4. Dalam UU No. 13 tahun 2016 pasal 9 mengenai Invstasi, tidak semua invensi dapat
dilindungi Paten. Hanya invensi yang memenuhi syarat yang dapat dimintakan
perlindungan Paten. Agar mendapatkan perlindungan paten, suatu invensi harus
memenuhi persyaratan sebagaimana diatur dalam Pasal 3 ayat (1) tahun 2016 tentang
Paten, yaitu: 
1. Invensi yang baru; Invensi yang baru bukanlah dari tidak ada menjadi ada, akan
tetapi jika pada tanggal Penerimaan, invensi tersebut tidak sama dengan teknologi
yang telah pernah diungkap atau didaftarkan sebelumnya.
2. Mengandung langkah inventif; Invensi mengandung langkah inventif jika Invensi
tersebut bagi seseorang yang mempunyai keahlian tertentu di bidang teknik
merupakan hal yang tidak dapat diduga sebelumnya.

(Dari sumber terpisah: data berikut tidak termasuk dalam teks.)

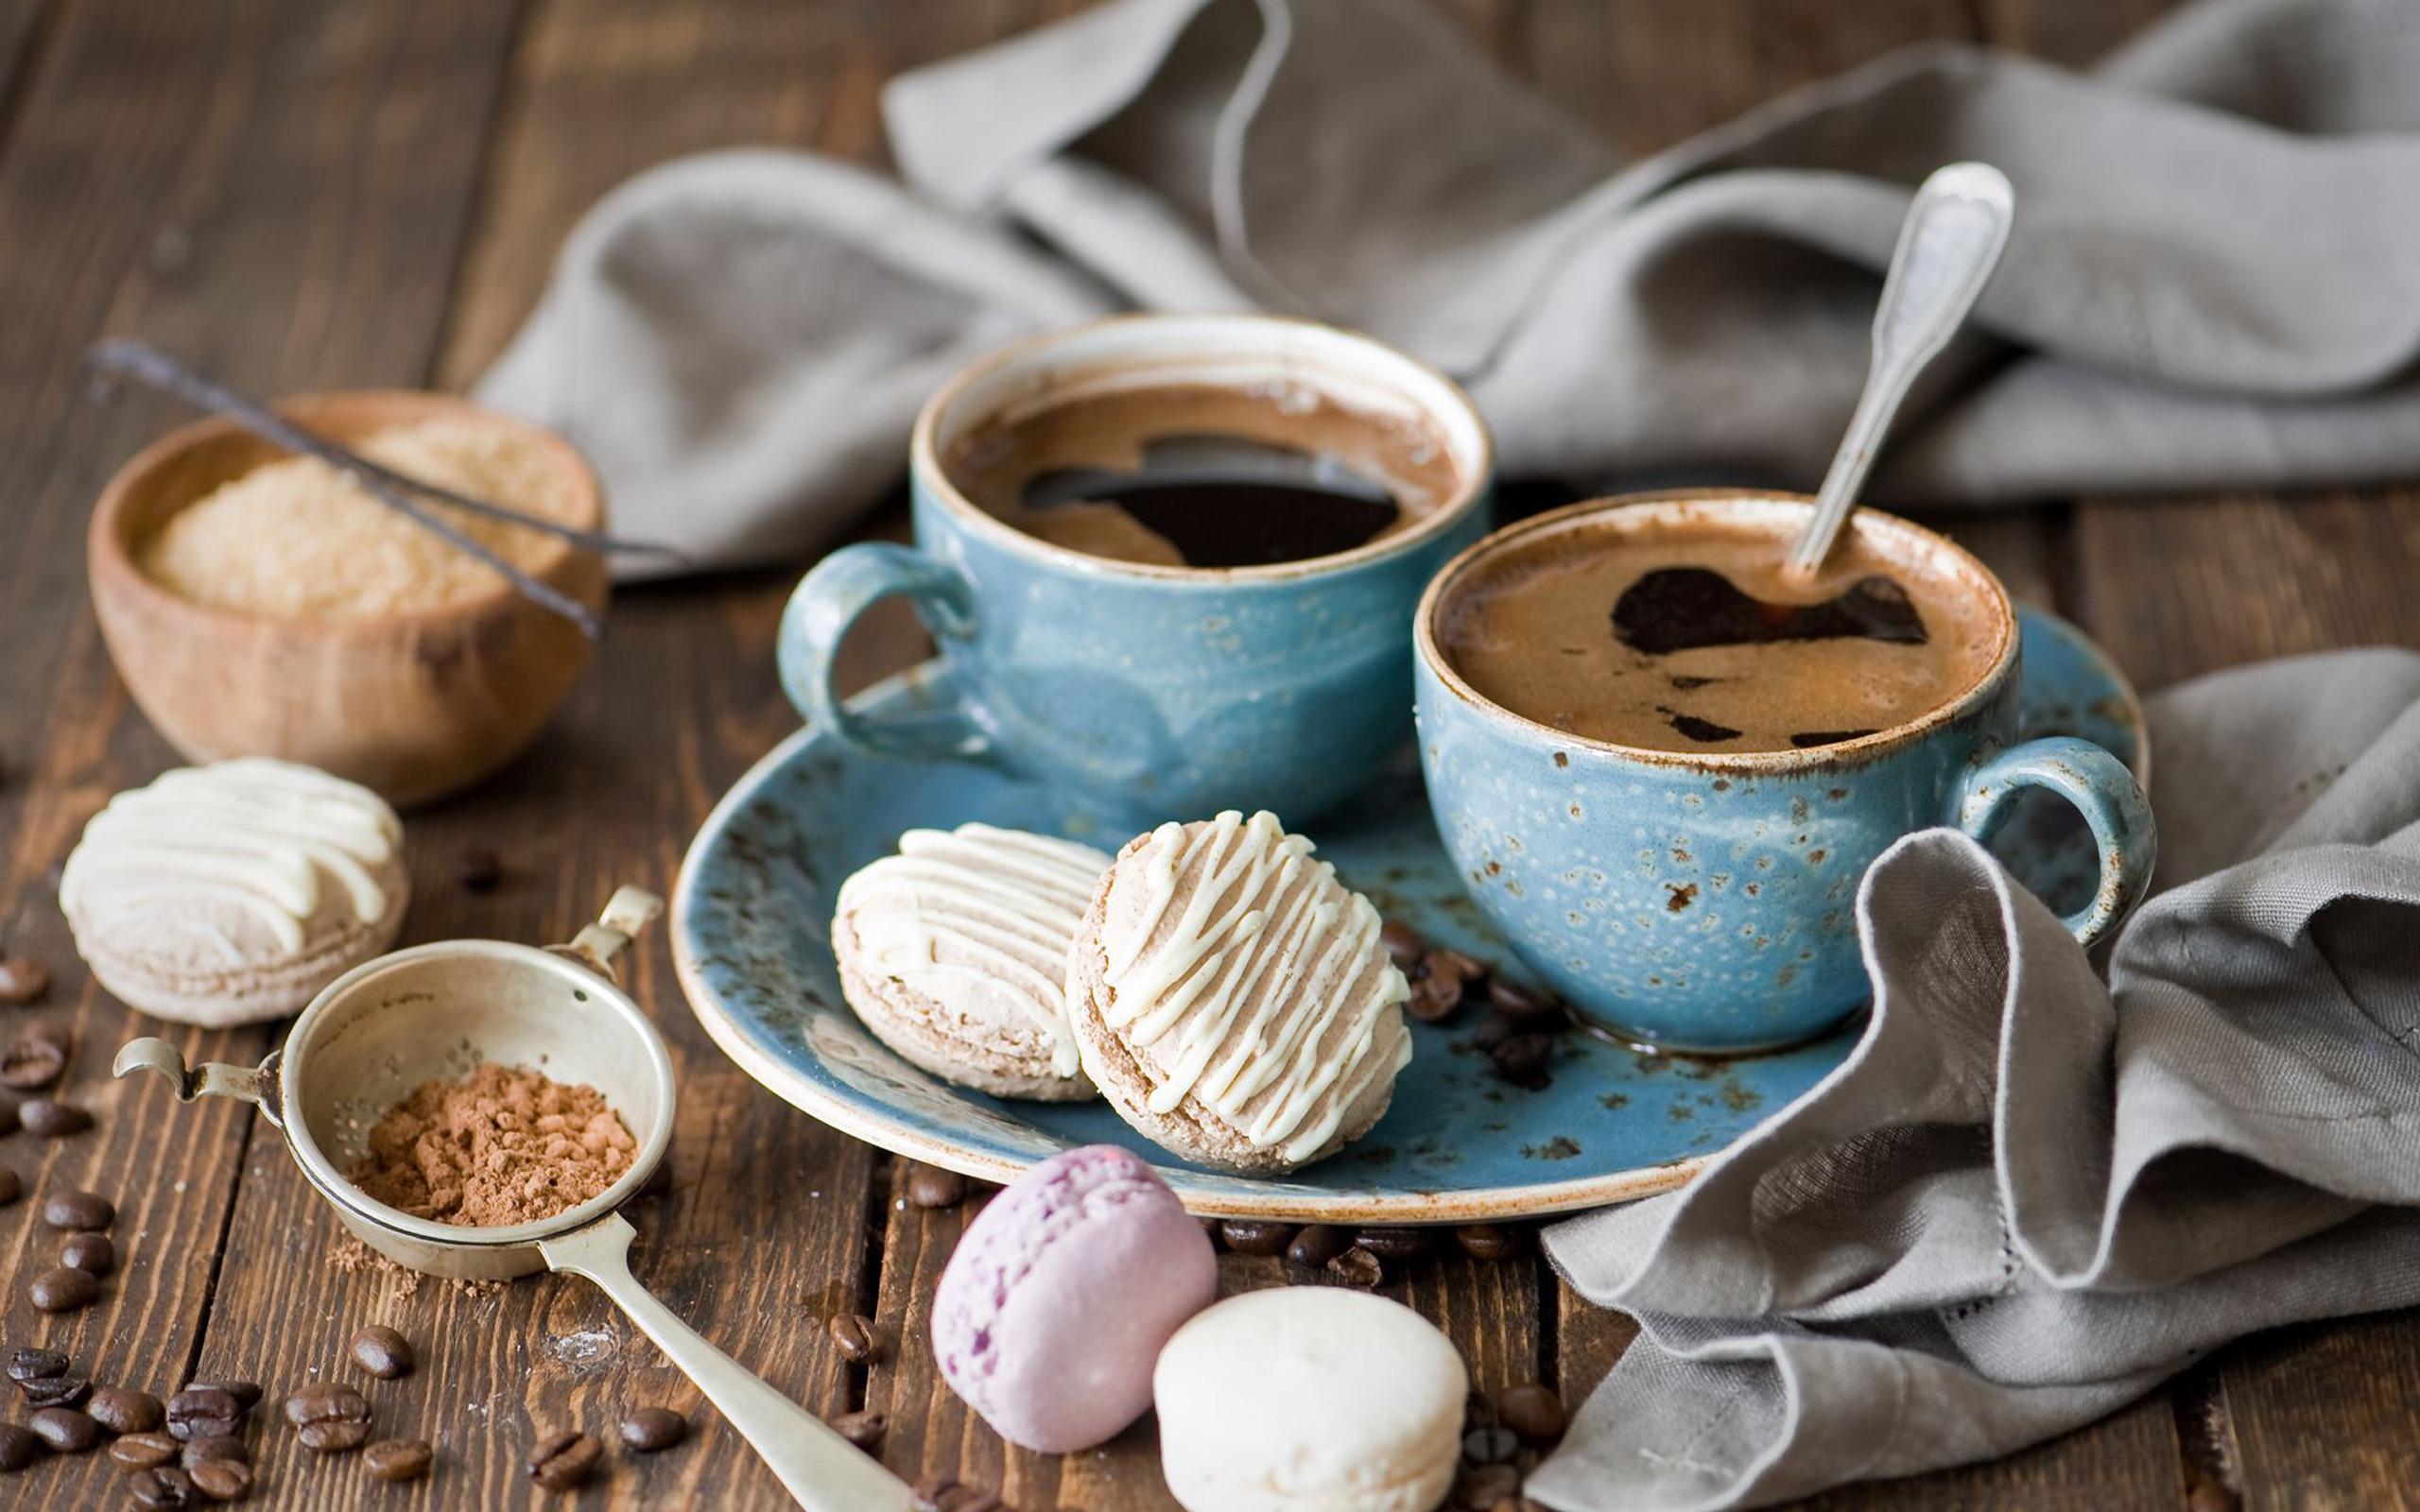 2560 x 1600 - 1801k - jpg 3840 Coffee and sweets ...

3. Dapat diterapkan dalam industri.Invensi dapat diterapkan dalam industri jika
Invensi tersebut dapat dilaksanakan dalam industri sebagaimana diuraikan dalam
Permohonan. Invensi berupa produk yang dapat diterapkan dalam industri harus
mampu dibuat secara berulang-ulang dengan kualitas yang sama, sedangkan jika
Invensi berupa proses maka proses tersebut harus mampu dijalankan atau
digunakan dalam praktik.
5. Pasal-pasal dalam undang-undang yang mengatur hak cipta yang terkait secara langsung
dengan perlindungan terhadap hak cipta website. UU yang mengatur mengenai hak cipta
dengan perlindungan terhadap hak cipta website adalah Undang-undang nomor 19 tahun
2002 tentang Hak Cipta melindungi secara otomatis tanpa harus mendaftar ke Direktorat
Jenderal Hak Kekayaan Intelektual (Ditjen HKI), baik desain website maupun isi
(konten) website, dari publikasi dan perbanyakan (copying) oleh pihak lain tanpa izin
pemilik hak cipta-nya yang sah. Perlindungan hak cipta diperoleh pencipta sepanjang
desain dan konten website tersebut merupakan hasil karya sendiri yang original. Untuk
hukumnya apabila kita mengcopy isi dari halaman website tersebut untuk kepentingan
sendiri harus mencantumkan sumbernya agar tidak terjadi plagiasi. Yang mana apabila
kita menyantumkan sumbernya sama saja kita juga menghargai pembuat cipta dan tidak
melanggar hak cipta. Adapun, ancaman pidana penjara dan/atau pidana denda atas
pelanggaran tersebut diatur dalam Pasal 113 UUHC, yang selengkapnya berbunyi:
1. Setiap Orang yang dengan tanpa hak melakukan pelanggaran hak ekonomi
sebagaimana dimaksud dalam Pasal 9 ayat (1) huruf i untuk Penggunaan Secara
Komersial dipidana dengan pidana penjara paling lama 1 tahun dan/atau pidana
denda paling banyak Rp100 juta.
2. Setiap Orang yang dengan tanpa hak dan/atau tanpa izin Pencipta atau pemegang
Hak Cipta melakukan pelanggaran hak ekonomi Pencipta sebagaimana dimaksud
dalam Pasal 9 ayat (1) huruf c, huruf d, huruf f, dan/atau huruf h untuk
Penggunaan Secara Komersial dipidana dengan pidana penjara paling lama 3
tahun dan/atau pidana denda paling banyak Rp500 juta.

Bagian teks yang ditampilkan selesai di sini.